Consequence of Assumed Standard Levels:

Harden Company has experienced increased production costs. The primary country of concern identified by direction is direct labour. The company is sing following a criterion cost system to assist command labour and other costs. Useful historical informations are non available because elaborate production records have non been maintained.

To set up labour criterions, Harden Company has retained an technology consulting house. After a complete survey of the work procedure, the advisers recommended a labour criterion of one unit of production every 30 proceedingss, or 16 units per twenty-four hours for each worker. The advisers further advised that Harden ‘s pay rates were below the predominating rate of $ per hr.

Harden’s production vice-president thought that this labour criterion was excessively tight, and from experience with the labour force, believed that a labour criterion of 40 proceedingss per unit or 12 units per twenty-four hours for each worker would be more sensible.

The president of Harden Company believed the criterion should be set at a high degree to actuate the workers and to supply equal information for control and sensible cost comparing. After much treatment, direction decided to utilize a double criterion. The labour criterion of one unit every 30 proceedingss, recommended by the confer withing house, would be employed in the works as a motive device, while a cost criterion of 40 proceedingss per unit would be used in describing. Management besides concluded that the workers would non be informed of the cost criterion used for describing intents. The production vice-president conducted several Sessionss prior to execution in the works, informing the workers of the new criterion cost system and replying inquiries. The new criterions were non related to incentive wage but were introduced when rewards were increased to $ 7 per hr.

The criterion cost system was implemented on January 1, 19 — .

Materials quality, labour mix, and works installations and conditions have non changed to any great extent during the six month period.


A treatment of the impact of different types of criterions on motives, and specifically the likely consequence on motive of following the labour criterion recommended for Harden Company by the technology house.

An rating of Harden Company ‘s determination to use double criterions in its criterion cost system.


Standards are frequently classified into three types – theoretical ( tight ) , normal ( sensible ) , or expected existent ( loose ) . Standards which are excessively loose or excessively tight will by and large hold a negative impact on workers motive. If excessively loose, workers will be given to put their ends at this low rate, therefore cut downing productiveness below what is gettable ; if excessively tight, workers will recognize that it is impossible to achieve the criterion, become defeated, and will non try to run into the criterion. An come-at-able or sensible criterion which can be achieved under normal on the job conditions is likely to lend to the worker ‘s motive to accomplish the designated degree of activity.

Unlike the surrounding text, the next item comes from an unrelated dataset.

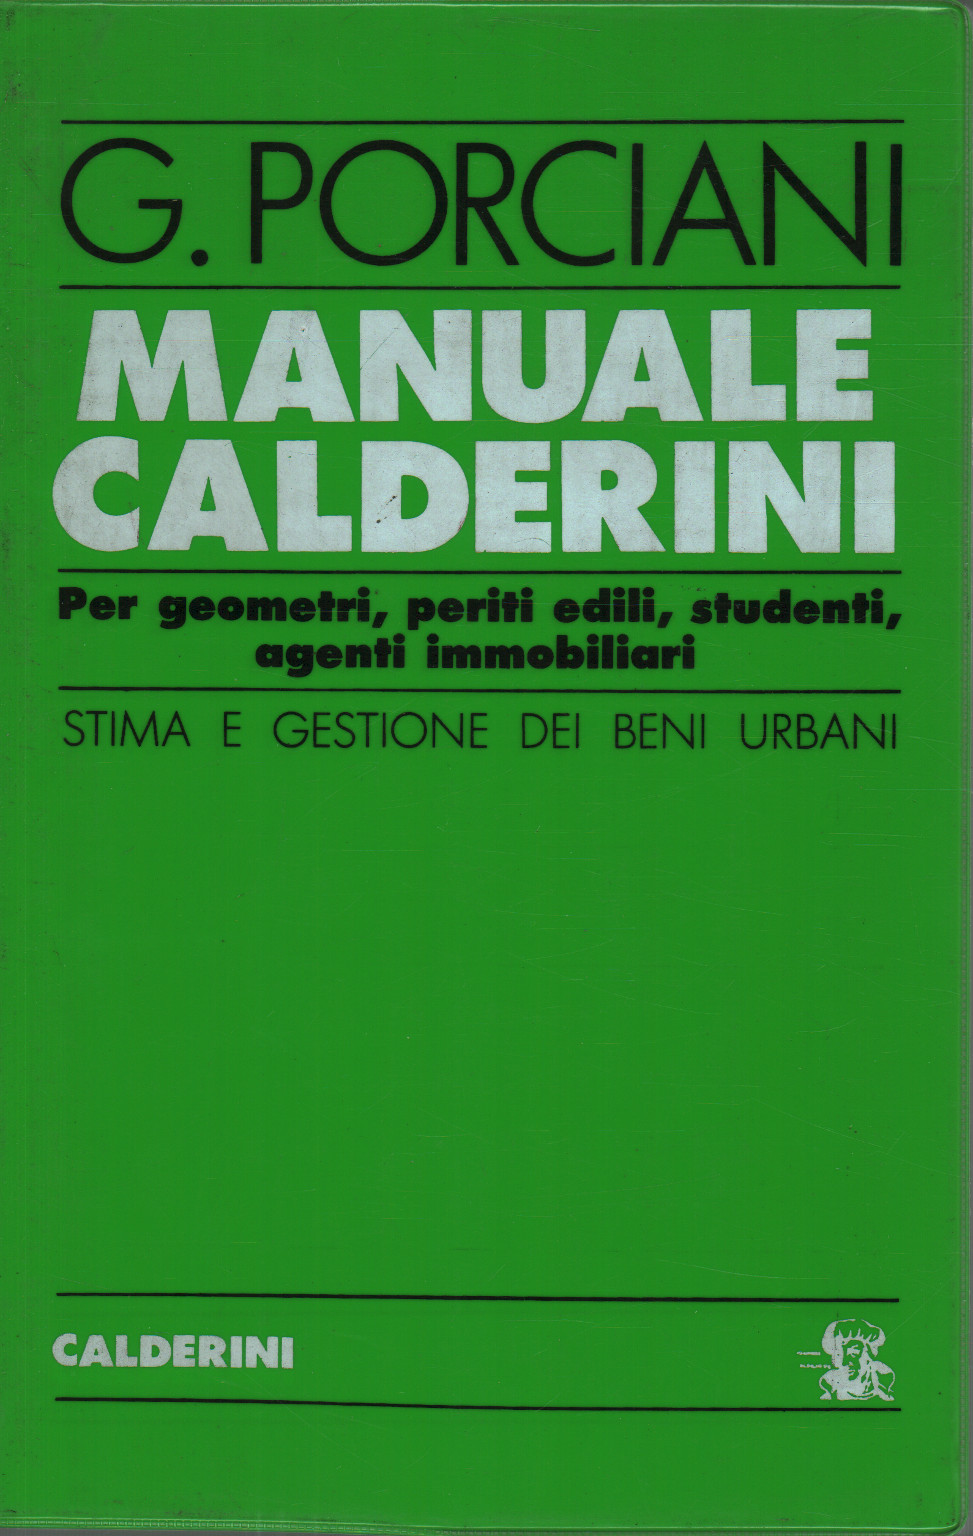 Manuel Calderini, s.un.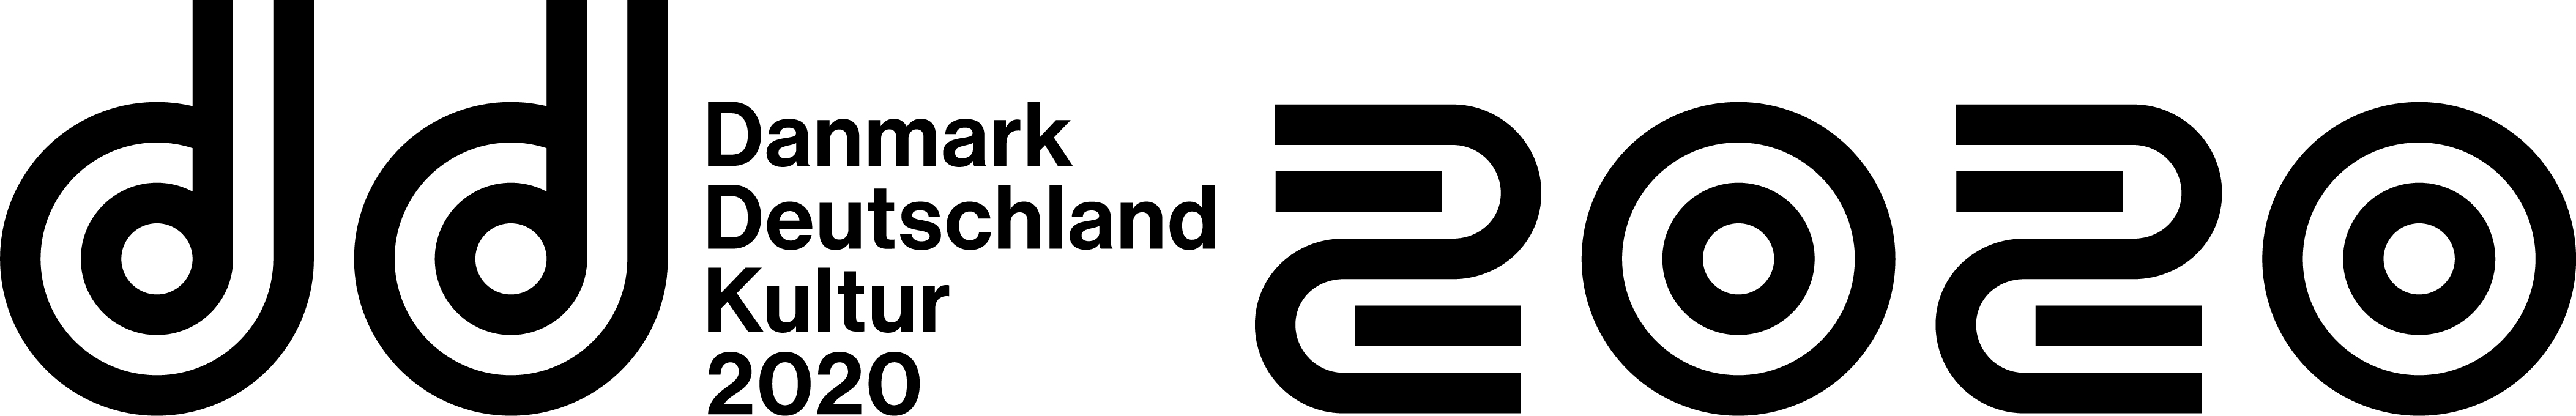 DD2020 Logo Naming Horizontal Black RGB

If executive direction imposes criterions, workers and works direction will be given to respond negatively because they feel threatened. If workers and works direction participate in puting the criterion, they can more readily place with it and it could go one of their personal ends.

In Harden ‘s instance, it appears that the criterion was imposed on the workers by direction. In add-on, direction used an ideal criterion to mensurate public presentation. Both of these actions appear to hold had a negative impact on end product over the first six months.

Harden made a hapless determination to utilize double criterions. If the workers learn of the double criterions, the company ‘s full measuring system may go fishy and credibleness will be lost. Company morale could endure because the workers would non cognize for certain how the company evaluates their public presentation. as a consequence, neglect for the present and any future cost control system may develop.